Geçmişi savaşlarla dolu Türk Milleti çok yokluk da gördü. Özellikle birinci dünya savaşı yıllarında yaşanan kıtlık bir çok ürün bulunmadığı için Türk Milleti alternatif ürünler geliştirdi. 1915’li yıllarda ithalatı gerçekleşmeyen ürünlerden bir tanesi de kahve olmuştur. Ülkemizde fazlası ile tüketilen kahvenin yokluğunda vatandaşlar da nohut kahvesi geliştirdi. O günden bu yana tüketilmeye devam edilen Nohut Kahvesi geleneği Çanakkale Işıkeli Köyünde de sürdürülüyor. Işıkeli Köyü’nde yaşatılmaya devam eden Nohut kahvesi kültürü ziyaretçilerinden ilgi toplamaya devam ediyor.

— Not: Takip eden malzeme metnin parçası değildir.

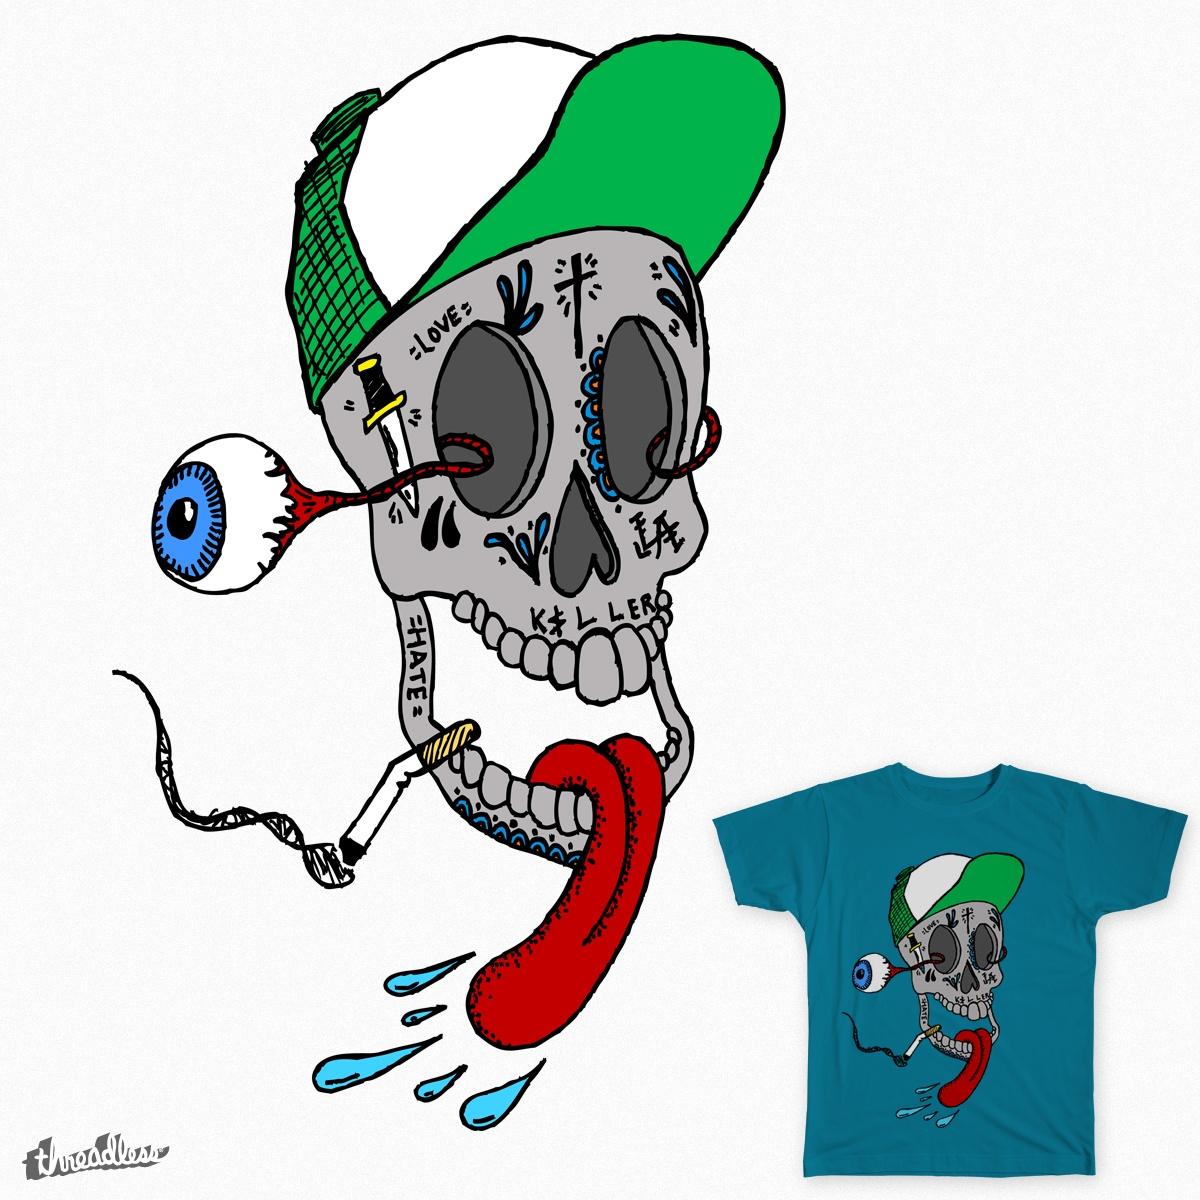 The Gnarliest skull around. by toferthegreat on Threadless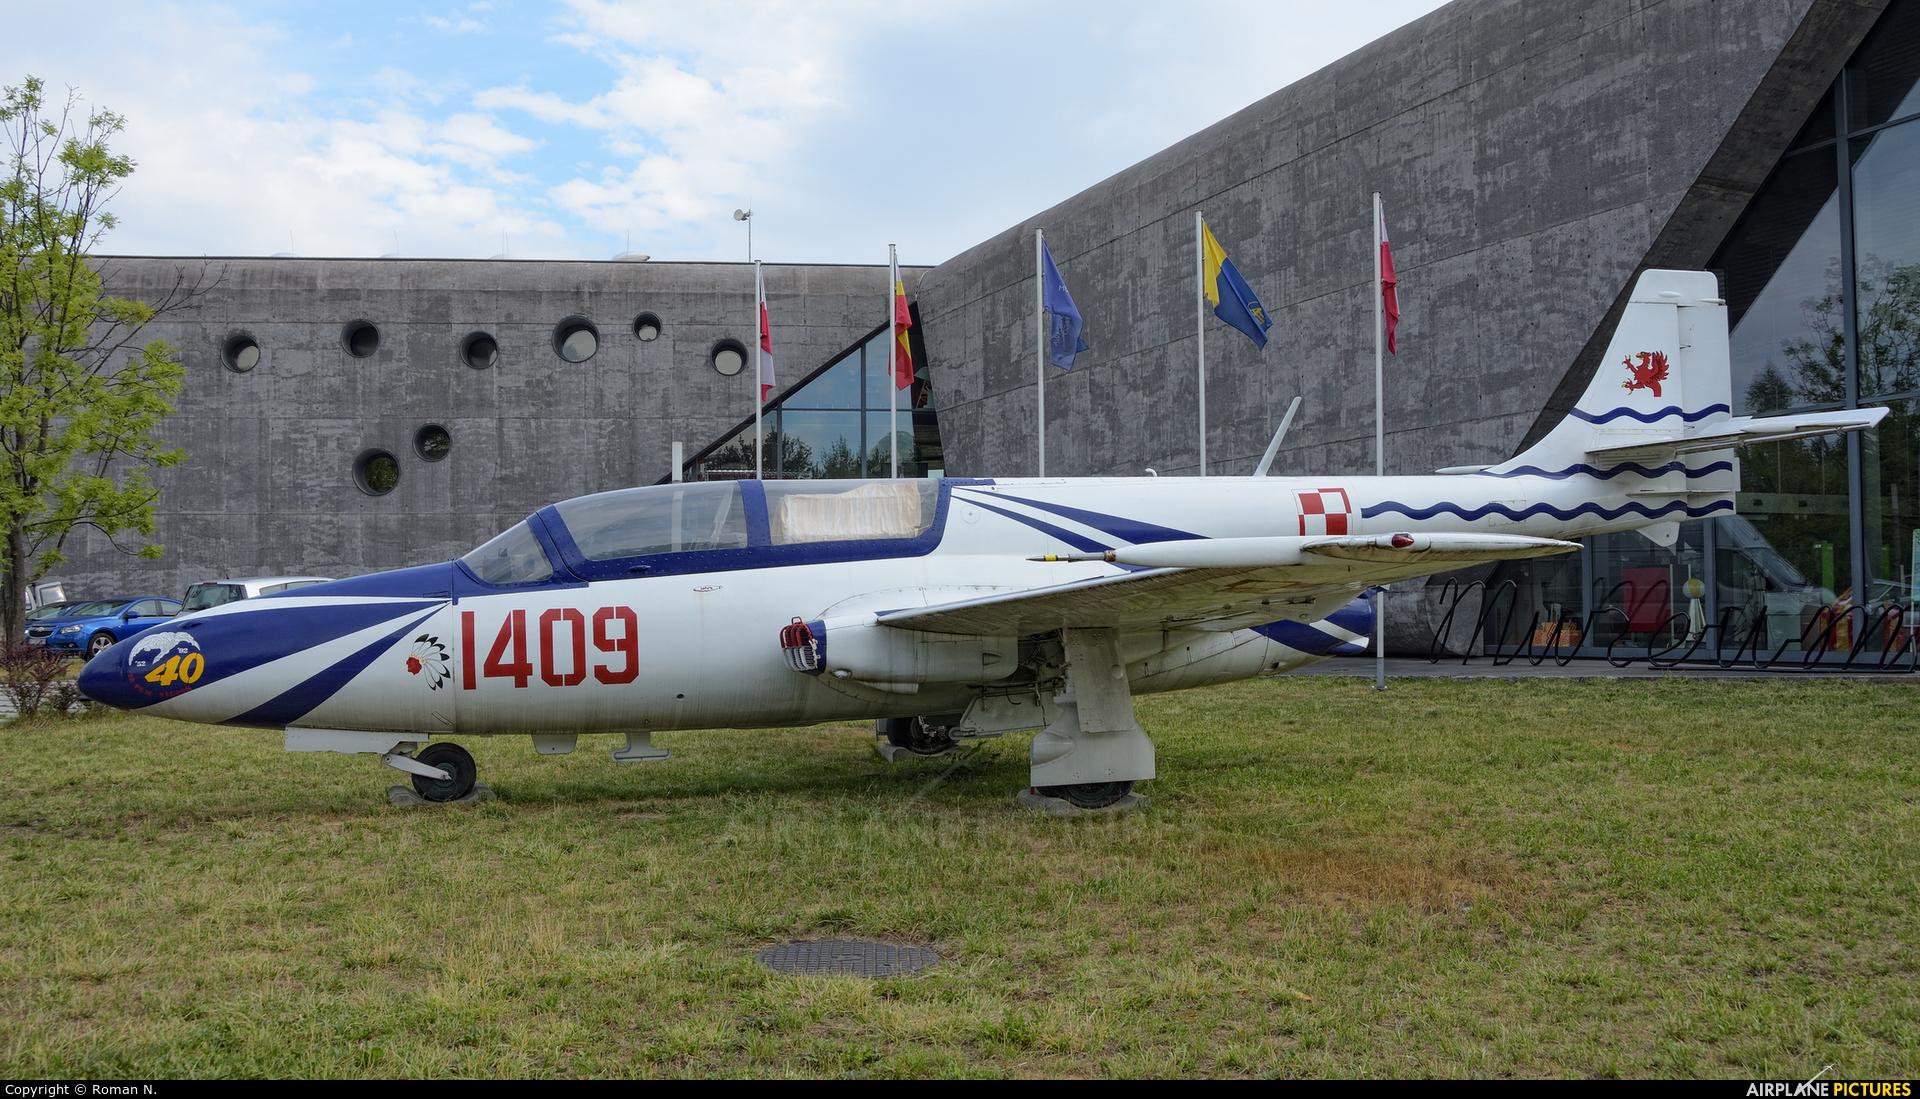 Poland - Air Force 1409 aircraft at Kraków, Rakowice Czyżyny - Museum of Polish Aviation

Birinci Dünya Savaşı yıllarında yaşanan kıtlık nedeniyle hayati önem arz etmeyen hiçbir şey ithal edilemiyordu. Kahve de bu ithal edilemeyen ürünlerden biriydi. Zor yılların yaşandığı bu dönemde Türk kahvesinin yerine alternatif olarak elde bulunan
nohuttan kahve yapıldı. 106 yıl önce yapılan bu kahve artık unutulmaya yüz tutsa da Çanakkale'nin Biga ilçesine bağlı Işıkeli Köyü’nde yaşatılmaya devam ediyor. Nohut kahvesini duyan vatandaşlar, Işıkeli Köyüne sırf bu kahveyi içmek için uğruyor. Işıkeli Köyü’nde nohut kahvesini yaşatmaya devam eden Cemil Kısa, nohut kahvesinin nasıl ortaya çıktığını anlattı. Kısa, ‘’1915 yıllarında kahve o zaman ithal edilemiyordu. Yokluk zamanı vardı. O dönemde insanlar evlerinde kahvesiz kalınca evde olan nohutla, nohudu sobanın üzerinde kavurup aynı kahve gibi bakır değirmenden çekip, kahve olarak içmişler. Tabi ülke ekonomisi düzelip kahve ithal edilmeye başlanınca nohut kahvesi de unutulmaya yüz tutmuş. Ama biz Işıkeli Köyü’nde bu kahve geleneğini bırakmadık günümüze kadar getirdik’’ şekline konuştu.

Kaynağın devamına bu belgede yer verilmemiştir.